All keys can be placed in `~/.agentmemory/.env` (loaded before `process.env`, then merged with process env):

### LLM Provider Variables

| Variable | Purpose |
|----------|---------|
| `ANTHROPIC_API_KEY` | Enable Anthropic provider; supports `ANTHROPIC_BASE_URL` override |
| `OPENAI_API_KEY` | Enable OpenAI provider; supports `OPENAI_BASE_URL`, `OPENAI_MODEL` |
| `OPENAI_API_KEY_FOR_LLM` | Set to `"false"` to reserve the key for embeddings only |
| `GEMINI_API_KEY` / `GOOGLE_API_KEY` | Enable Gemini via OpenAI-compatible endpoint |
| `OPENROUTER_API_KEY` | Enable OpenRouter; supports `OPENROUTER_MODEL` |
| `MINIMAX_API_KEY` | Enable MiniMax (raw-fetch, Anthropic-compatible API) |
| `AGENTMEMORY_ALLOW_AGENT_SDK` | Set `"true"` to permit the `agent-sdk` fallback (risk: recursion loop) |
| `FALLBACK_PROVIDERS` | Comma-separated list, e.g. `anthropic,openrouter` |
| `MAX_TOKENS` | Token budget for LLM calls (default: 4096) |
| `AGENTMEMORY_AUTO_COMPRESS` | Set `"true"` to enable per-observation LLM compression (off by default) |

### Embedding Provider Variables

| Variable | Purpose |
|----------|---------|
| `EMBEDDING_PROVIDER` | Force a specific provider (`gemini`, `openai`, `voyage`, `cohere`, `openrouter`, `local`) |
| `VOYAGE_API_KEY` | Enable Voyage AI (model: `voyage-code-3`, 1024-dim) |
| `COHERE_API_KEY` | Enable Cohere embeddings |
| `AGENTMEMORY_IMAGE_EMBEDDINGS` | Set `"true"` to enable CLIP image embedding (requires `@xenova/transformers`) |
| `BM25_WEIGHT` | Hybrid search BM25 weight (default: 0.4) |
| `VECTOR_WEIGHT` | Hybrid search vector weight (default: 0.6) |

---

## Failure Modes and Invariants

| Scenario | Behavior |
|----------|---------|
| No LLM key set | `NoopProvider` returns `""` — no compression/summarization, no crash |
| `AGENTMEMORY_ALLOW_AGENT_SDK=true` without a real key | `agent-sdk` spawns Claude child sessions — risks infinite Stop-hook recursion (#149) |
| Fallback provider key absent at startup | Provider silently dropped from chain; no runtime error |
| All providers in the chain fail | `FallbackChainProvider` re-throws the last error; `CircuitBreaker` records the failure |
| CircuitBreaker open | Calls fail fast with `"circuit_breaker_open"` — no network requests until `recoveryTimeoutMs` |
| No embedding key and `EMBEDDING_PROVIDER` unset | `createEmbeddingProvider` returns `null`; search uses BM25 only |
| Wrong embedding dimensions returned by provider | `withDimensionGuard` throws immediately — bad vector is never written to the index |
| `EMBEDDING_PROVIDER=local` | `@xenova/transformers` is a peer dep; install it manually or get a clear error |

---

## Summary

agentmemory's provider system is a two-layer BYOK design: the LLM layer (auto-detected from keys in priority order, wrapped in a FallbackChain and a CircuitBreaker) and the embedding layer (independently auto-detected, with a local Xenova fallback that needs no key).
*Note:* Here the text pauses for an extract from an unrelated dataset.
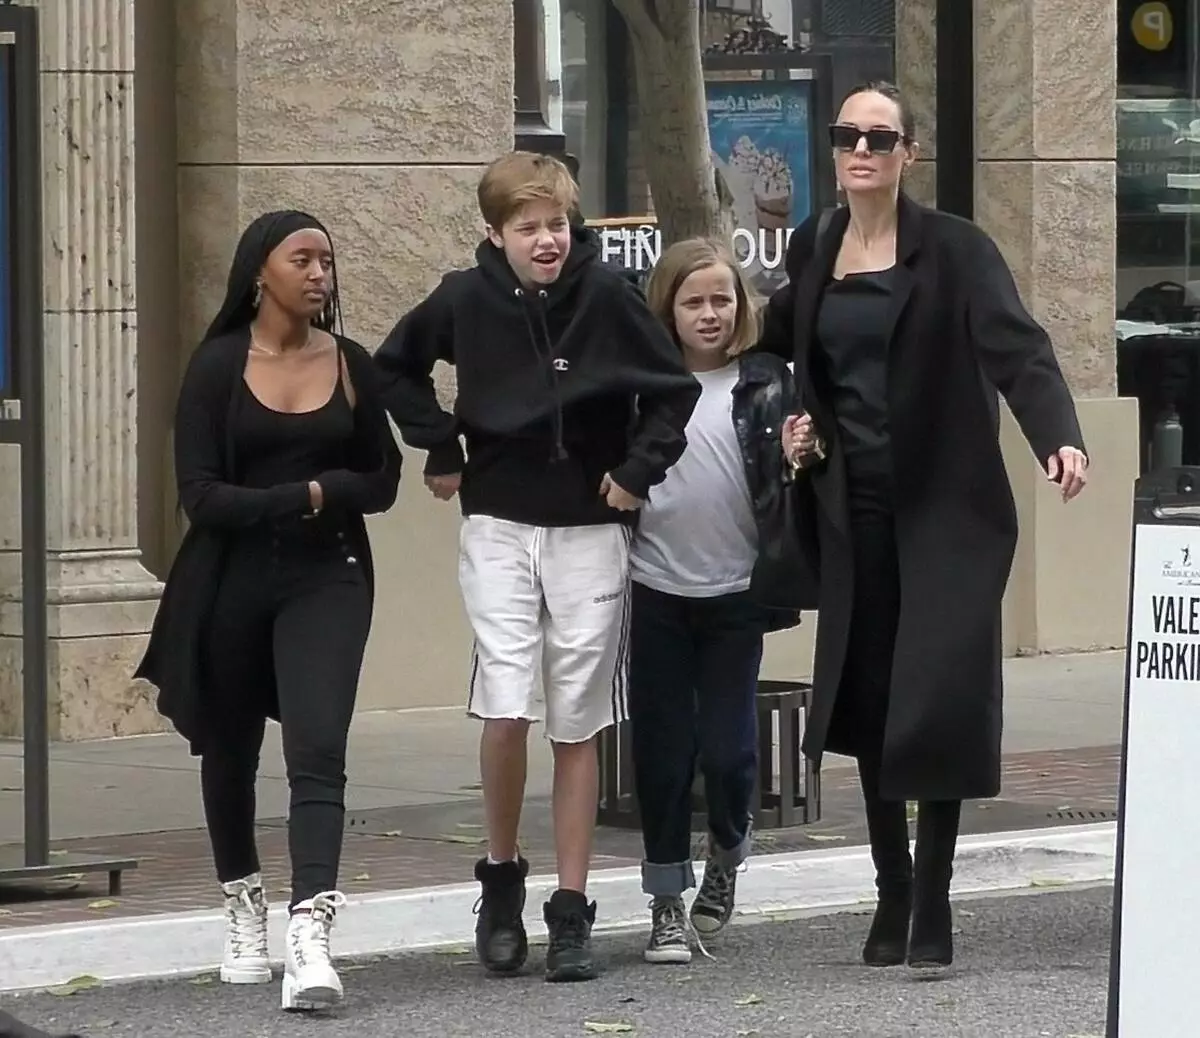 แฟน ๆ ประณาม Angelina Jolie สำหรับรูปใหม่ของลูกชาย:

The `NoopProvider` and a `null` embedding result are the safe degraded states — the system continues to function for capture and BM25 search even with no API keys configured at all. The `withDimensionGuard` wrapper in `src/providers/embedding/index.ts:56-80` is the critical invariant that keeps the vector index from accumulating silent corruption when a provider's output changes shape.